Dopo quattro anni di attesa, il ritorno dei MAISIE rivela un capolavoro di irregolarità che non ci aspettavamo più.

E dire che ci eravamo quasi dimenticati di loro! Quattro anni di attesa (dall'ultimo album “Morte a 33 giri”) sono in effetti tanti, soprattutto da parte di un'etichetta come la Snowdonia che ci aveva abituati a pubblicare dischi con una certa regolarità. Delle vicissitudini che hanno causato questo ritardo si dirà nell'intervista: qui ci preme comunque dire dei cambi di formazione avvenuti nel frattempo. (Anche perchè l'intervista, svolta via e-mail, è stata trasmessa a tutti i componenti del gruppo e ciascuno ha dato il suo contributo nelle risposte.
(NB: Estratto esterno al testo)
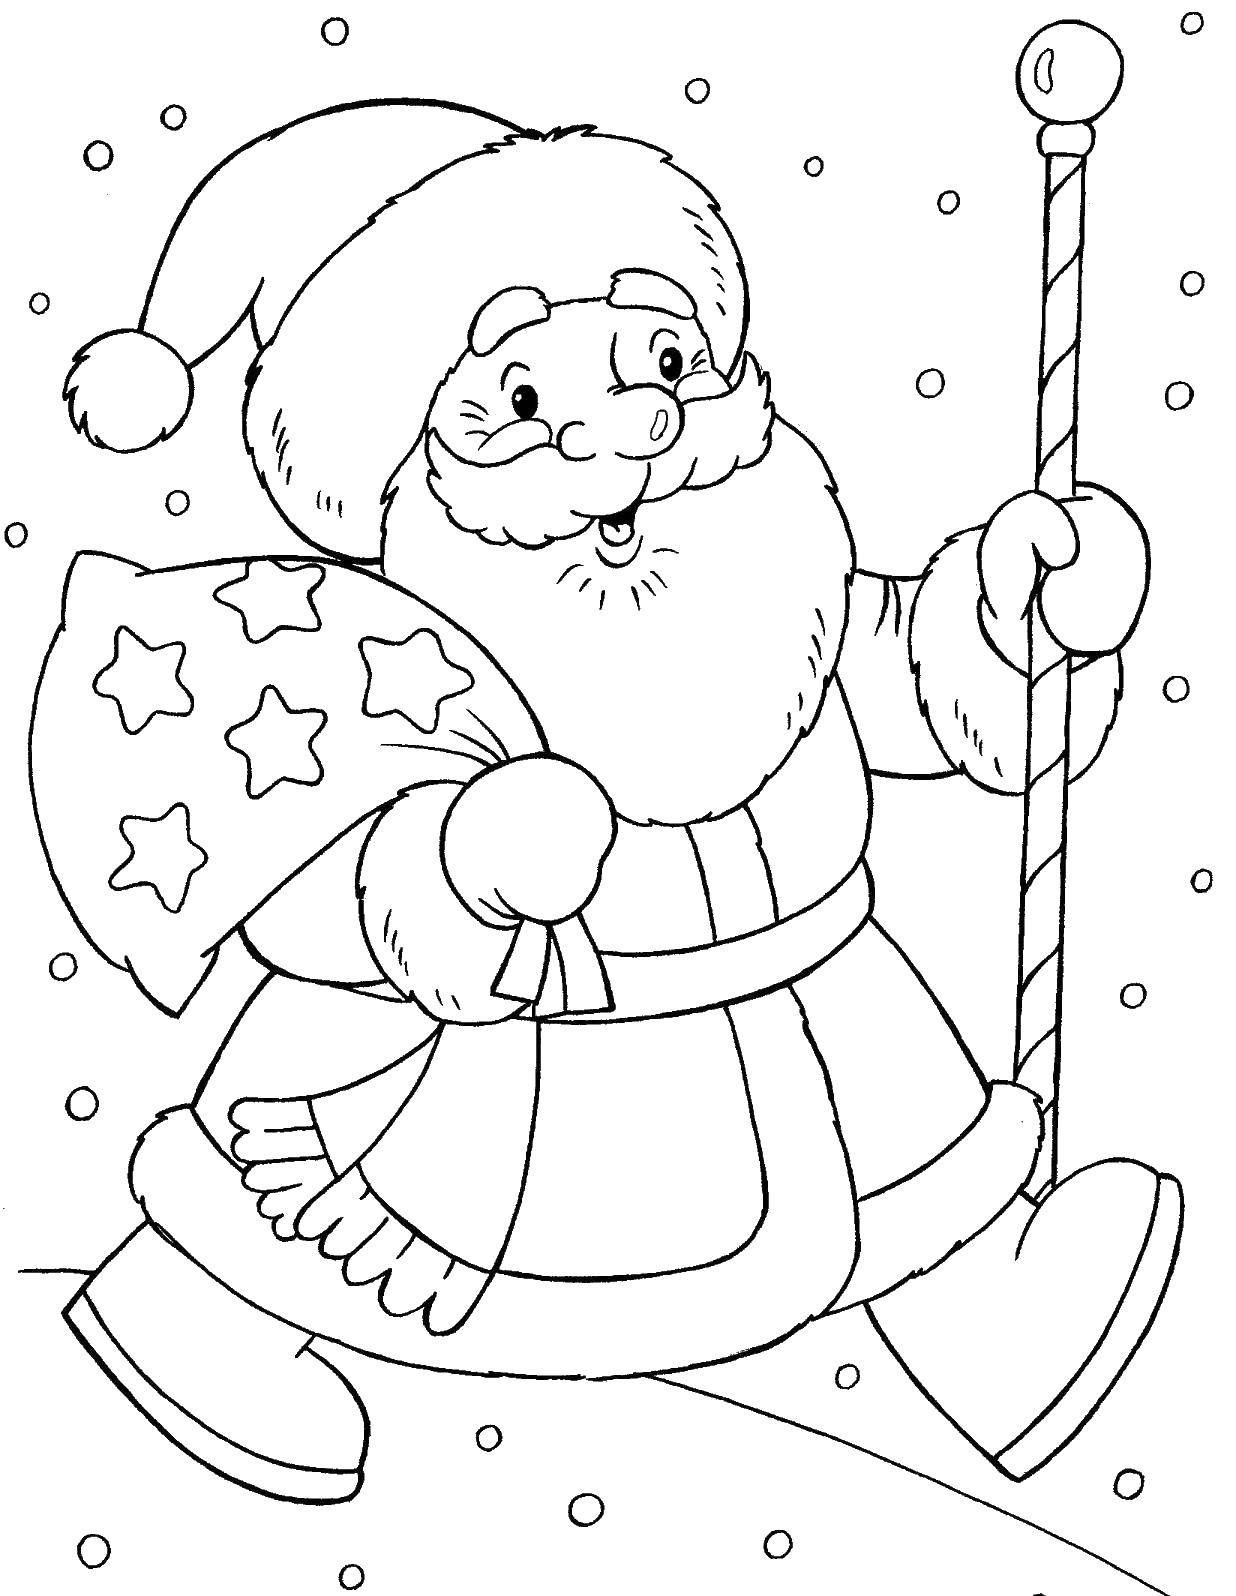 Название: Раскраска Дед мороз с посохом и мешком для подарков. Категория: дед мороз. Теги: Дед мороз, санки.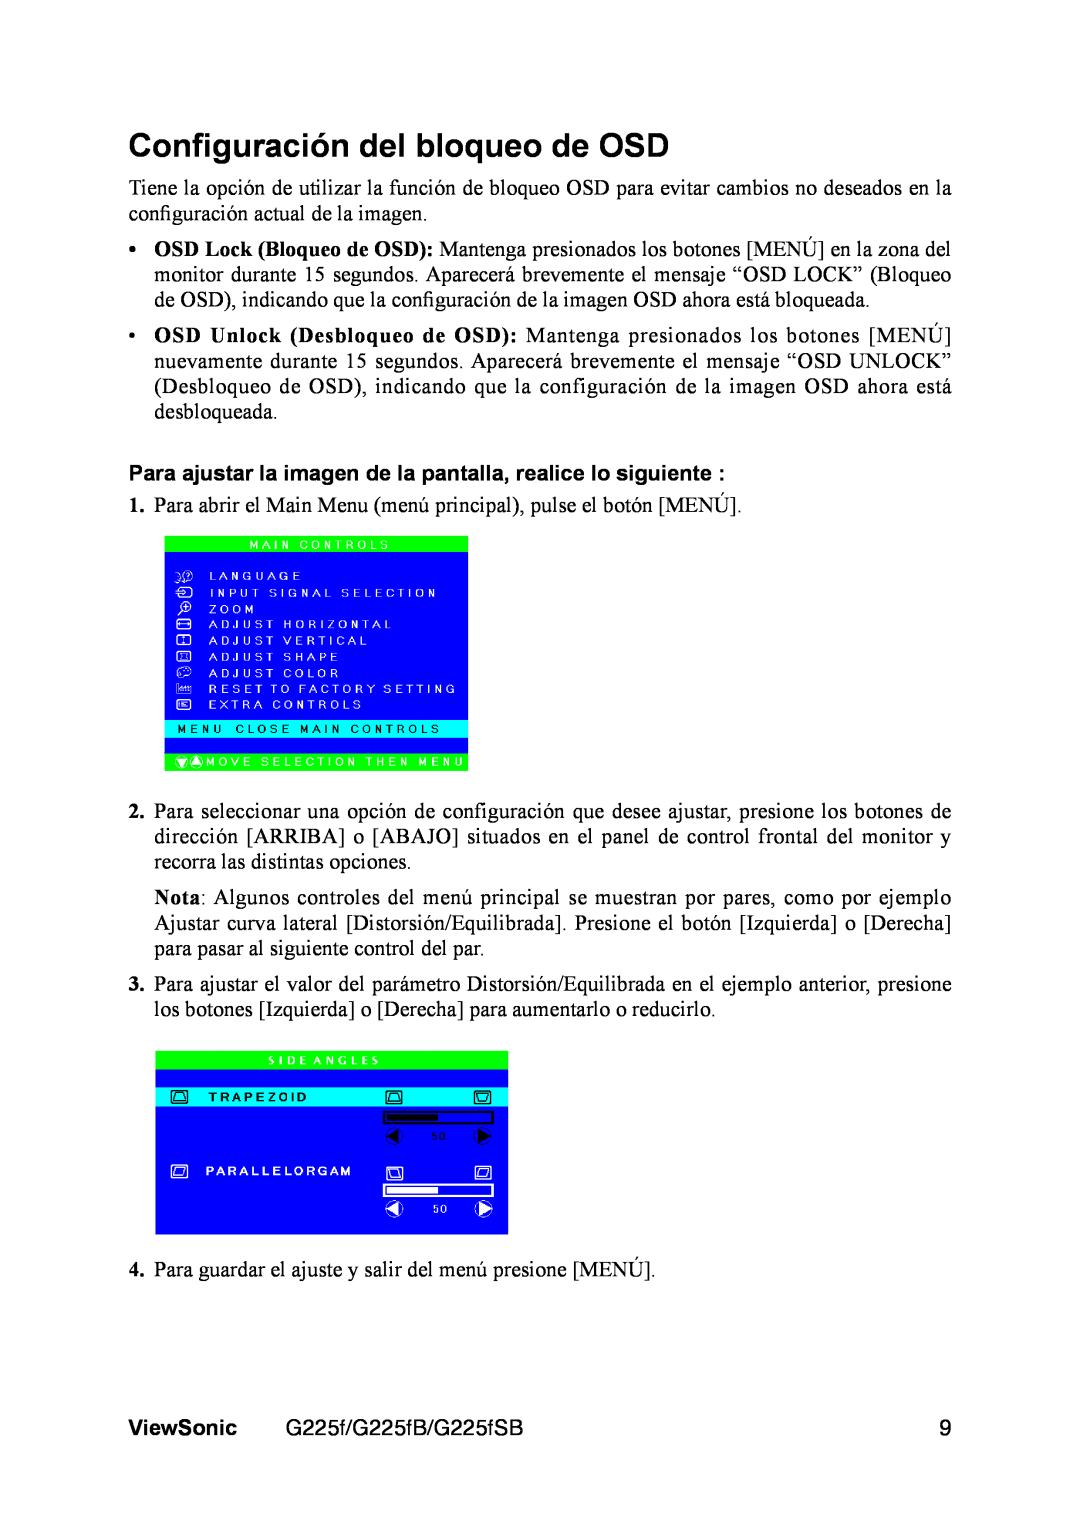 ViewSonic VS11135 Conﬁguración del bloqueo de OSD, Para ajustar la imagen de la pantalla, realice lo siguiente, ViewSonic

Vi toccherà accettare questo esempio di democrazia a scapito di un po' di omogeneità nel risultato finale!).
Bene, adesso i Maisie sono addirittura in sette. Rispetto al nucleo storico formato da Alberto Scotti e Cinzia La fauci, e alla new entry di Carmen D'Onofrio arrivata ai tempi di “Morte a 33 giri”, se n'è andato Paolo Messere, mentre esordiscono su Balera Metropolitana Donato Epiro (chitarre e flauto), Serena Tringali (voce), Michele Alessi (chitarre), Luigi Porto (elettronica varia). Anche se Alberto rimane di gran lunga il compositore principale del gruppo, è probabile che questi nuovi arrivi abbiano generato energie inedite, senza contare i prestigiosi ospiti che appaiono sul disco: Amy Denio (onnipresente e decisiva nel dare una certa identità all'album), Flavio Giurato (che ha composto appositamente per il disco una canzone, Ivana e Gabriella, che stilisticamente appare più vicina allo stile dei Maisie che non al suo), Mario Castelnuovo (che canta – benissimo – uno dei pezzi chiave della raccolta) e poi ancora Vittorio Nistri (Deadburger), Vittorio De Marin (Gomma Workshop), Francesco Bosa, Dario Giovannini (Aidoru), Andrea Comandini (Marquez), i famigerati Diego Palazzo e Piergiorgio Pardo (Egokid), eccetera eccetera. Fatto sta che l'esito stupefacente che è “Balera Metropolitana” è per i Maisie una vera e propria prova dell'immaturità, consapevole e voluta. “Balera” è già il sesto album della discografia dei Maisie, e forse mai come questa volta il ventaglio stilistico del gruppo si apre a mille influenze diverse; ma al contempo, si percepisce che non è perchè “vale tutto”, ma perchè l'intenzione è esplicitamente di cimentarsi su vari registri, a costo di non riuscire alla perfezione in ognuno di essi, come se fosse una sfida o se, meglio ancora, l'eclettismo e l'eterogeneità fossero un'esigenza vitale e imprescindibile per la band. Il risultato è uno di quei dischi che non ci si stanca mai di ascoltare, e in cui i pezzi che emergono di primo acchito sono poi soppiantati da altri, meno immediati, e poi da altri ancora, e ancora, e ancora... Non c'è, in Italia, un gruppo altrettanto lucidamente pazzo dei Maisie. Abbiamo impostato le domande dell'intervista di conseguenza, una prima parte di routine, una seconda più a ruota libera.


IL DOVERE

Innanzitutto trovate una giustificazione a questo ritardo… come si permettono i Maisie di lasciare centinaia di migliaia di fan nell'attesa di un nuovo disco per ben quattro anni? Chi vi credete di essere?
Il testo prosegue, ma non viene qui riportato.